I recently read
The Spirit Catches You and You Fall Down: A Hmong Child, Her American Doctors, and the Collision of Two Cultures by Anne Fadiman.
It was interesting on many, many levels and I would encourage anyone who is interested in the Hmong, Western Medicine, communication, language, ethics, etc. to give it a shot.
Here are three passages I want to remember:
"In the Hmong language, there are hundreds of lyrical two-word expressions--not the stuff of poetry but of everyday speech--that onomatopoeically describe various sounds. These alliterative expressions, collected by the linguist Martha Ratcliff, give some inkling of the intimate relationship the Hmong of Laos had with the natural world. Some samples: zuj ziag*, a cicada singing; lis loos, bees buzzing; nplhuj nplhoos, a boar grunting; mig mog, tigers playing; ig awg, wild pigs fighting in close combat; txij txej, a rat or mouse crying out in a snake's mouth; xuj xuav, a snake undulating; txiv txev, birds chirping; rhuj rhuav, birds shuffling through leaves looking for insects; plig plawg, a bird rising from its nest on the ground; zig zuag, monkeys swishing through the treetops with a continuous noise; tsig tsuag, monkeys leaping through the treetops with separate noises; nrhuj nreev, a tree popping fast before it falls; nrhuj nrhawv, a tree popping slowly before it falls; vig vag, a tree brushing through other trees and underbrush while it falls; nqaj nqug, many trees falling one right after another; pij pauj, fruit falling on the ground; pliv ploov, fruit falling in water; xuj xuav, a long, easy all-day rain."
"...a set of eight questions, designed to elicit a patient's "explanatory model," which were developed by Arthur Kleinman, a psychiatrist and medical anthropologist who chairs the department of social medicine at Harvard Medical School...:
1. What do you call the problem?...
2. What do you think has caused the problem?...
3. Why do you think it started when it did?...
4. What do you think the sickness does? How does it work?...
5. How severe is the sickness? Will it have a short or long course?...

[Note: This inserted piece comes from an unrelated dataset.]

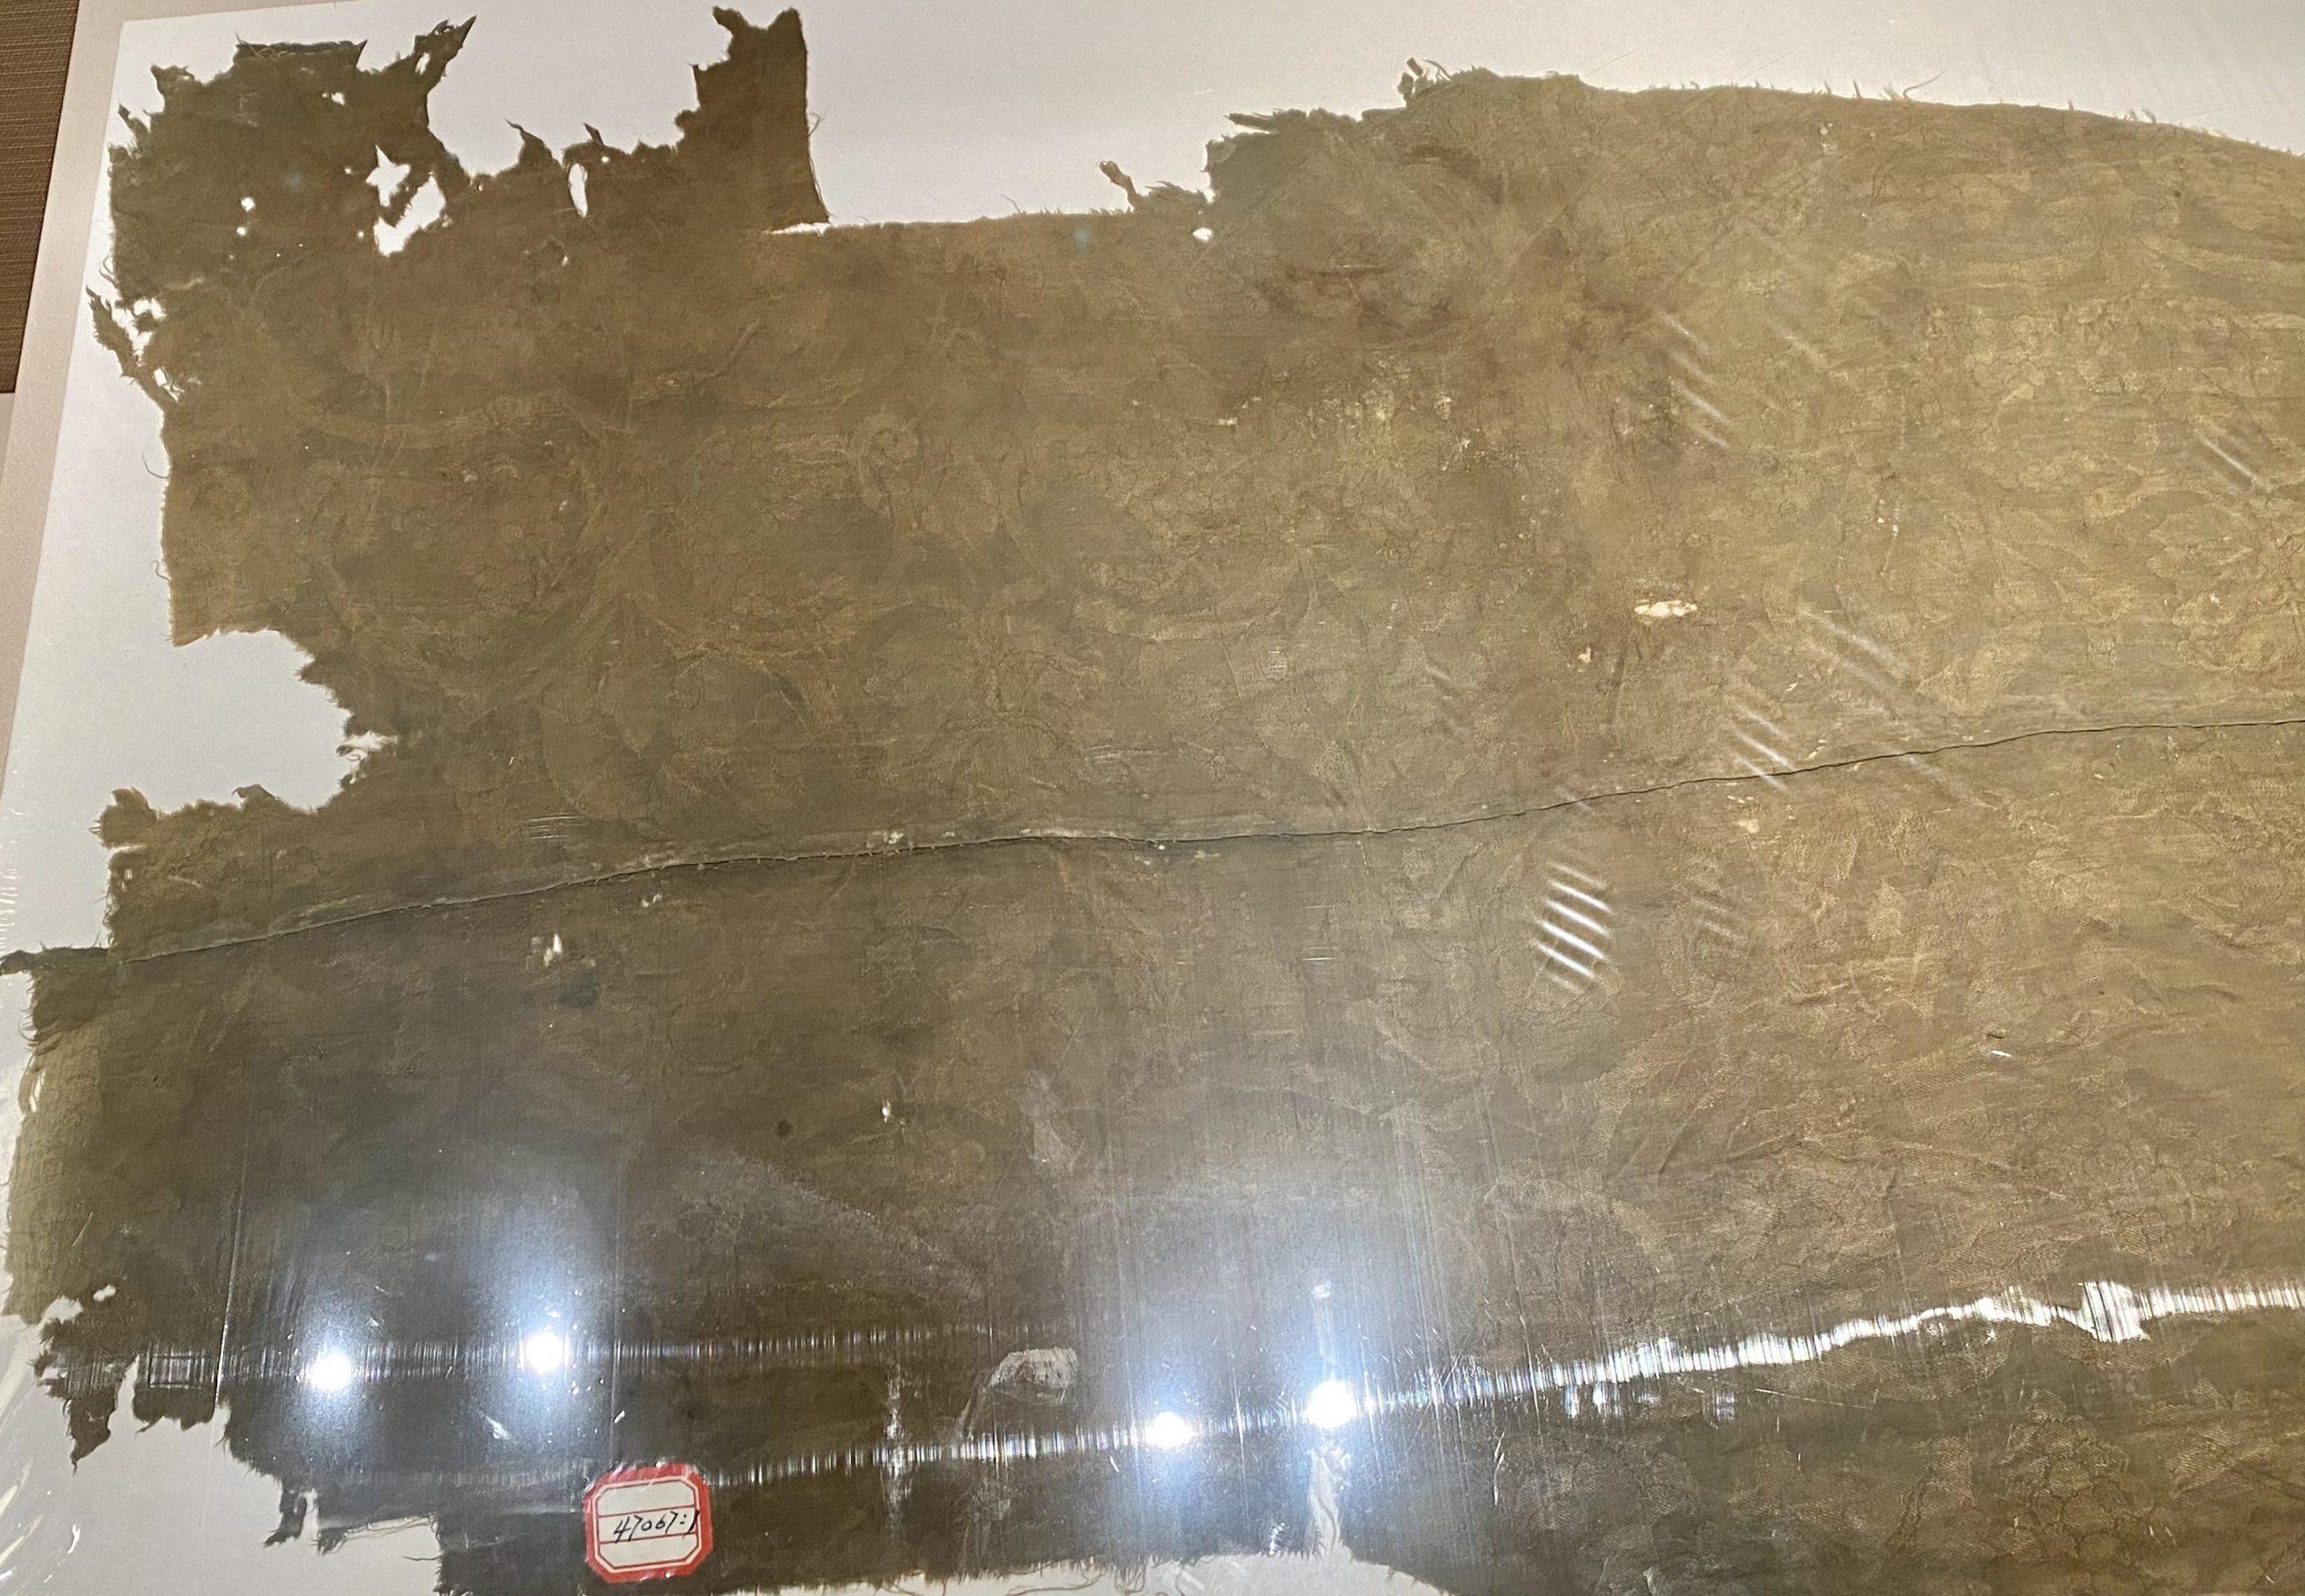 緑色纏枝葡萄綺-唐時代-巡回特別展【天歌長歌-唐蕃古道】-四川博物館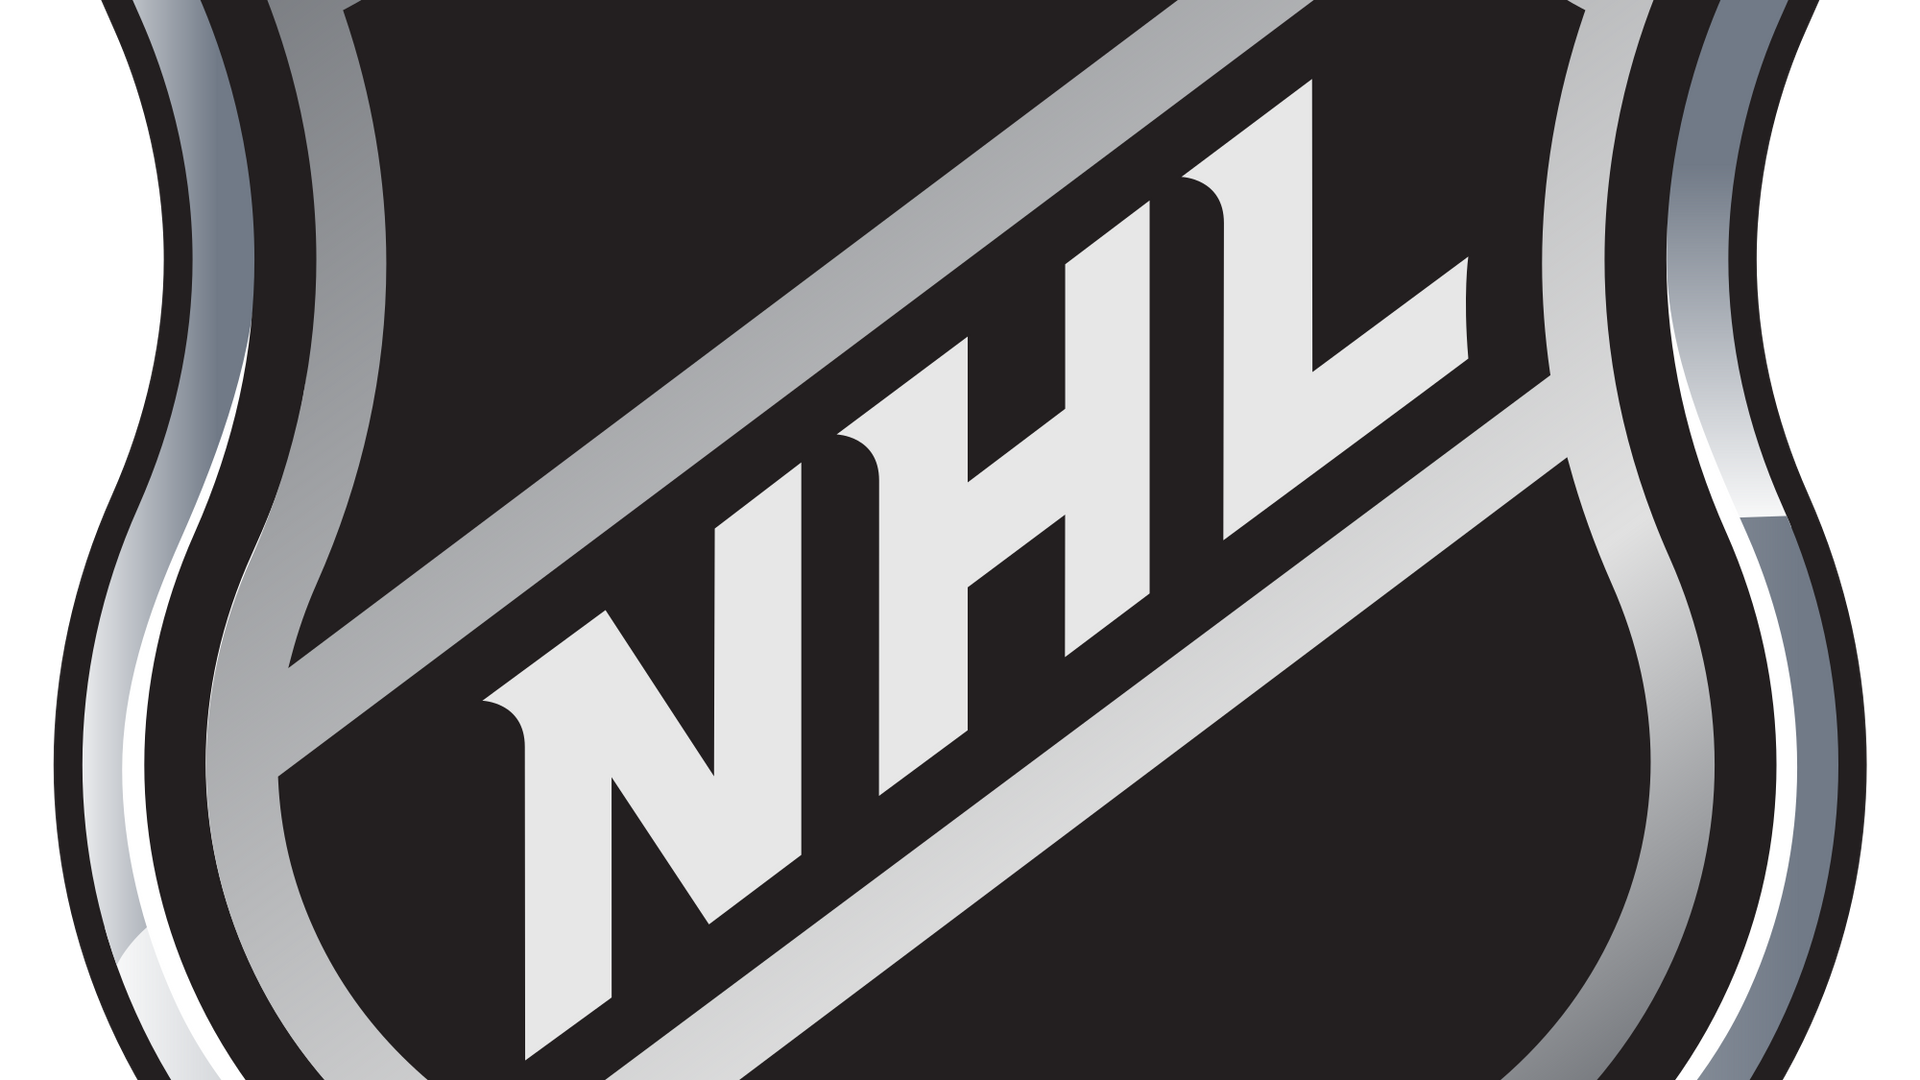 Логотип Национальной хоккейной лиги - РИА Новости, 1920, 14.09.2020

6. What kind of treatment do you think the patient should receive? What are the most important results you hope [the patient] receives from this treatment?...
7. What are the chief problems the sickness has caused?...
8. What do you fear most about the sickness?..."
"After fourteen months, the grant for the program expired, and, as far as I know, that was the first and last penile exorcism to be sponsored by the Department of Health and Human Services."
"...a page from the Journal of the American Medical Association. It was exerted from an article called "Doctors Have Feelings Too." Its author, a Harvard Medical School instructor named William M. Zinn, posited that because doctors may be busy "doing multiple other tasks," "maintaining a clinical distance," or harboring guilt about negative reactions to their patients, they run the risk of overlooking their feelings. So, if you're a doctor, how can you recognize that you're having a feeling? Some tips from Dr. Zinn:
Most emotions have physical counterparts. Anxiety may be associated with a tightness of the abdomen or excessive diaphoresis; anger may be manifested by a generalized muscle tightness or a clenching of the jaw; sexual arousal may be noted by a tingling of the loins or piloerection; and sadness may be felt by conjunctival injection or a heaviness of the chest.
....if any of my Hmong friends heard that American doctors had to read an article in order to learn how to tell if they were angry, they would never, ever return to [the hospital]."
The Hmong in this book is rendered in a system called RPA which, among other idiosyncrasies, uses the final consonant to indicate which of Hmong's six tones are used.